Technorati Bricolage

Wrote a little Technorati plugin in Kwiki, running here, and in Socialtext Will put it up on a public ST wiki in the next few days, too. All the better to keep track of the blogging of OSCON.
It’s a proof of concept on the ease of moving plugins between Kwiki, a super-modular geek-friendly wiki, and Socialtext, the business-friendly workspace application build on Kwiki. The core object model and formatter are identical, so migration was easy.

Groupforming around the INDUCE Act

An impromptu discussion group gathered in Ed Felten’s blog comments as the Senate Judiciary Committee discussed the INDUCE act, another bill that bans innovative technology in the guise of protecting copyright.
I picked up a link to the hearing from a blog, discussed on #joiito at the time, and found the Felten conversation yesterday, through a Technorati search.
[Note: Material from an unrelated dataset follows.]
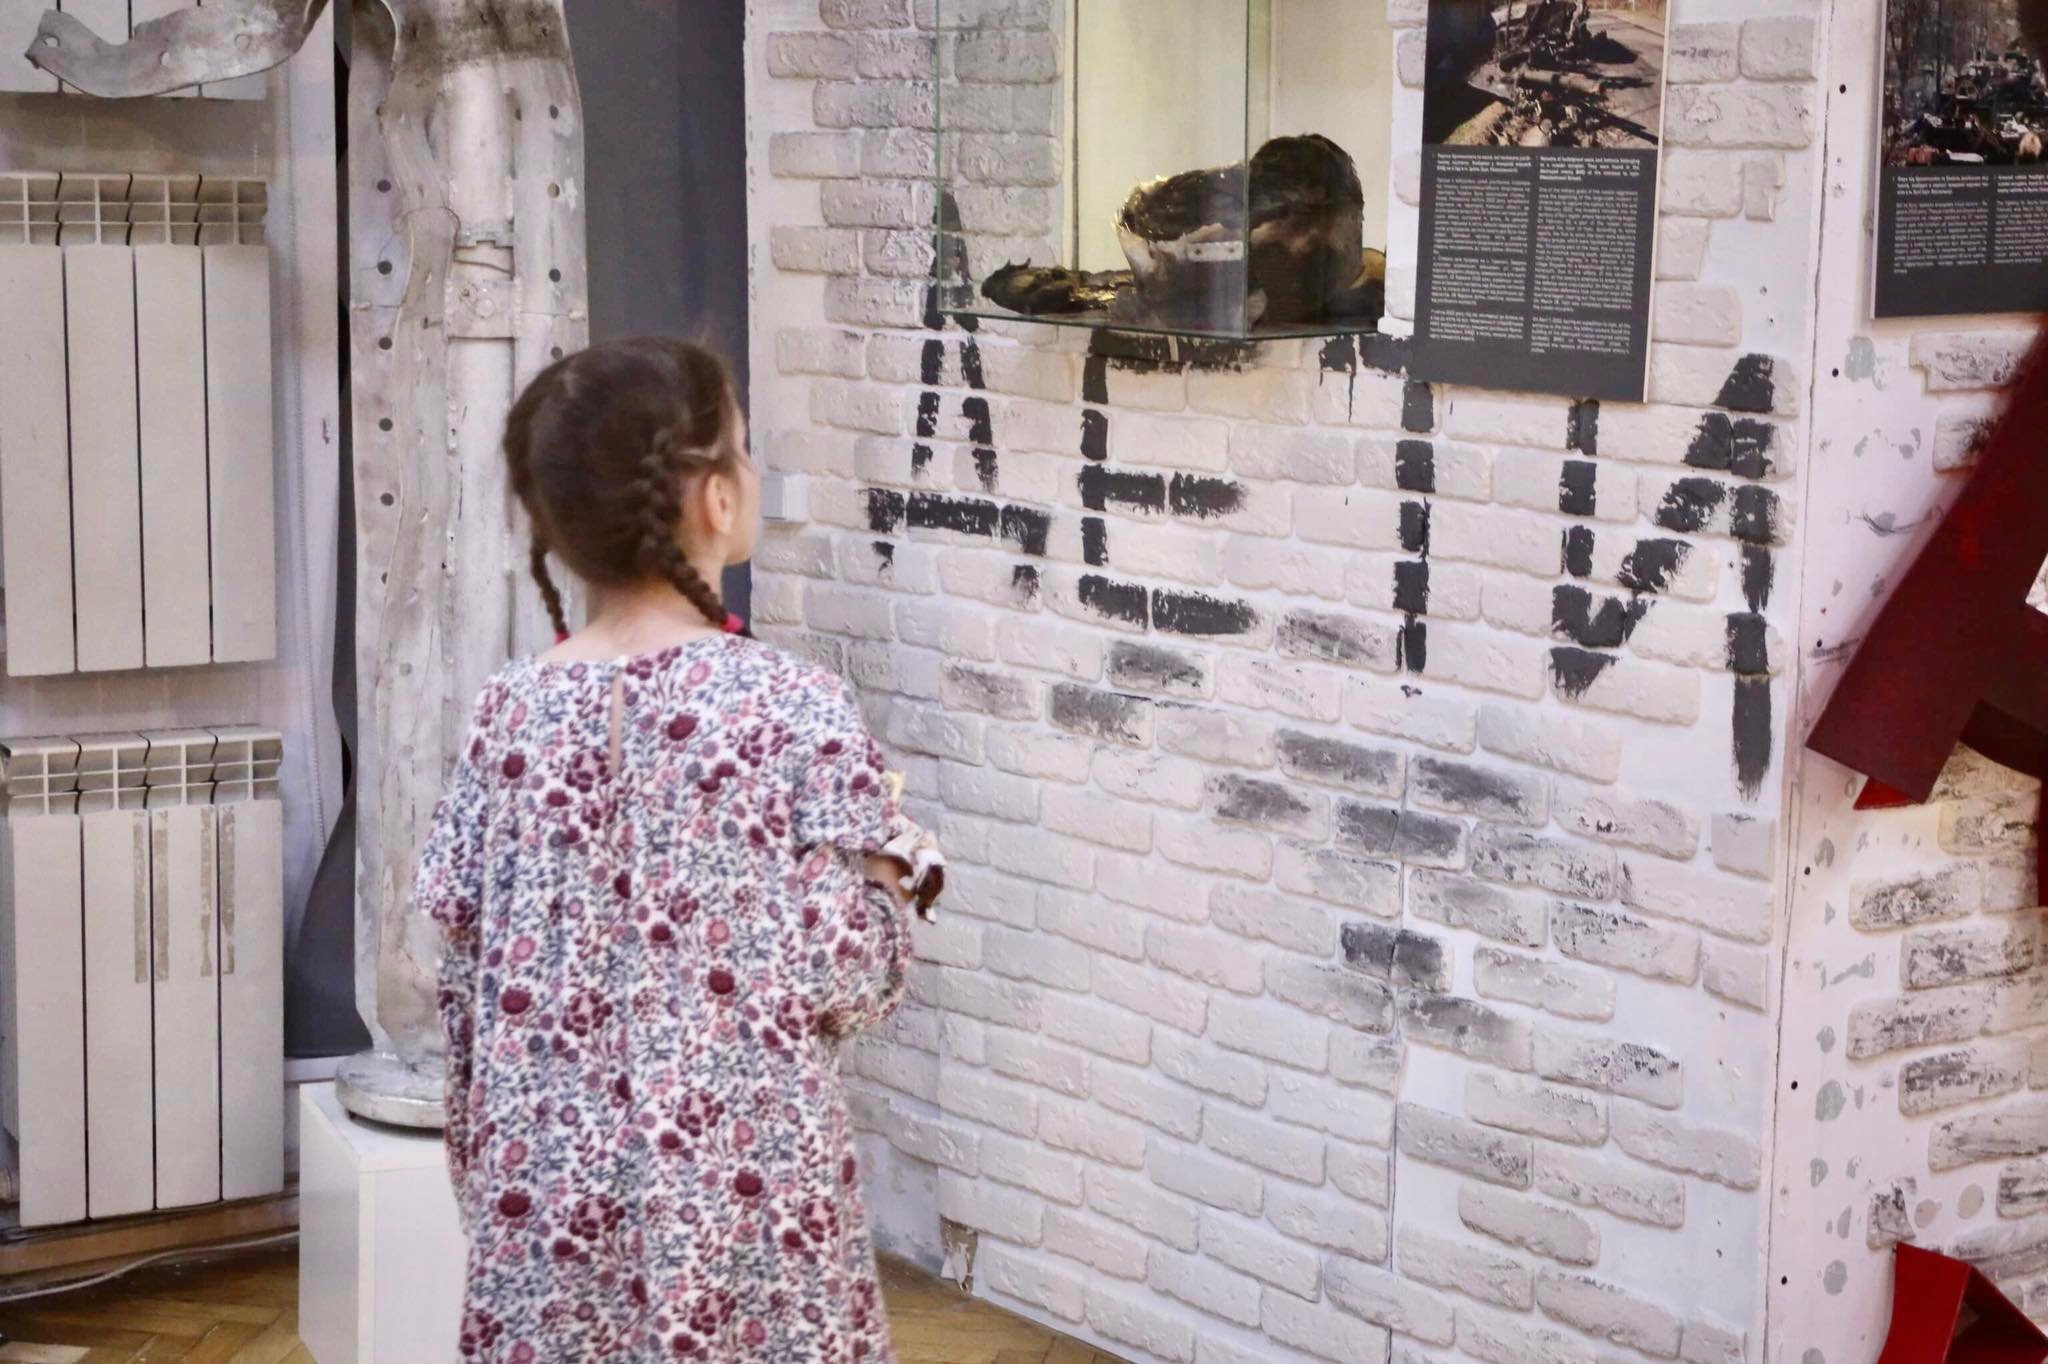 A little girl visits the exhibition “Invasion. Kyiv shot,” dedicated to the 2022 defense of Kyiv from the Russian invaders. The inscription on the wall – “Children” – was often written by the locals in places under Russian attack in a hope that a place is not hit. Photo by Euromaidan Press ~

Technology vendors and tech activists were able to swarm and organize strong, cohesive opposition to the bill, which was submitted close to a deadline.
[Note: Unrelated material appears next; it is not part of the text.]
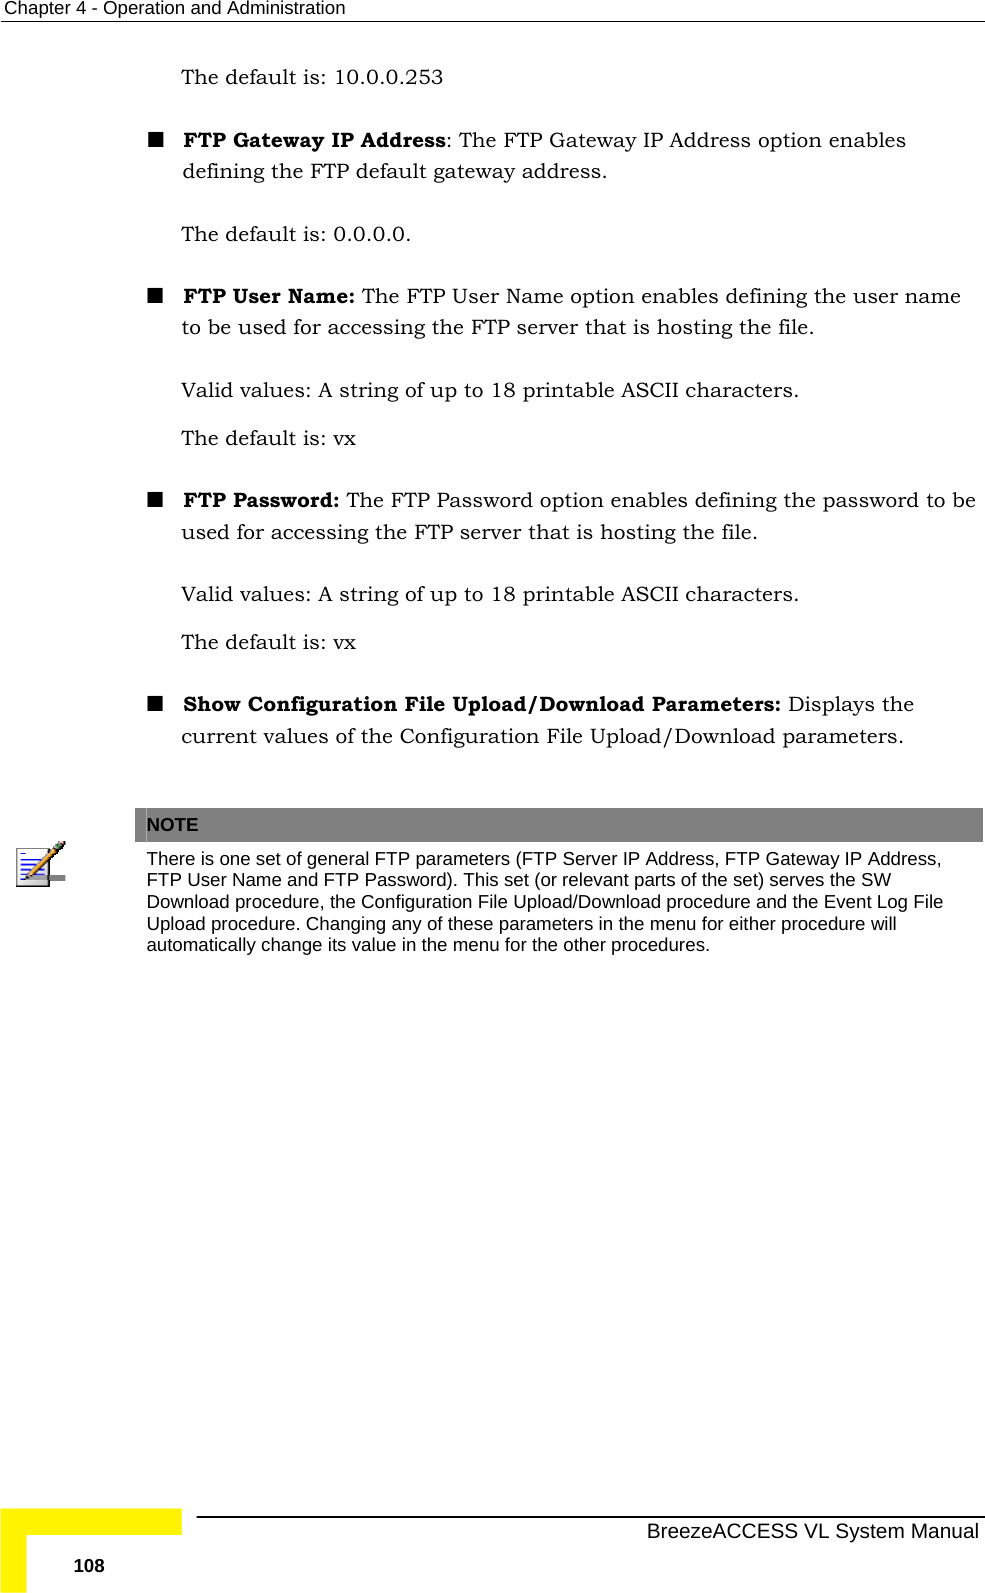 Chapter  4 - Operation and Administration   BreezeACCESS VL System Manual 108 The default is: 10.0.0.253   FTP Gateway IP Address: The FTP Gateway IP Address option enables defining the FTP default gateway address. The default is: 0.0.0.0.  FTP User Name: The FTP User Name option enables defining the user name to be used for accessing the FTP server that is hosting the file.  Valid values: A string of up to 18 printable ASCII characters. The default is: vx   FTP Password: The FTP Password option enables defining the password to be used for accessing the FTP server that is hosting the file.  Valid values: A string of up to 18 printable ASCII characters. The default is: vx    Show Configuration File Upload/Download Parameters: Displays the current values of the Configuration File Upload/Download parameters.   NOTE  There is one set of general FTP parameters (FTP Server IP Address, FTP Gateway IP Address, FTP User Name and FTP Password). This set (or relevant parts of the set) serves the SW Download procedure, the Configuration File Upload/Download procedure and the Event Log File Upload procedure. Changing any of these parameters in the menu for either procedure will automatically change its value in the menu for the other procedures.

Unlike the DMCA a decade ago, technology vendors and public interest groups like EFF and Public Knowledge are sticking together, and acting cohesively to fight threats to innovation and creativity.
It’s incredibly cool for interested citizens to be able to organize an ad-hoc crowd to watch the hearings. I can’t wait for the day when the senate committee will use Technorati and its cousins, and the virtual gallery will be visible to the government.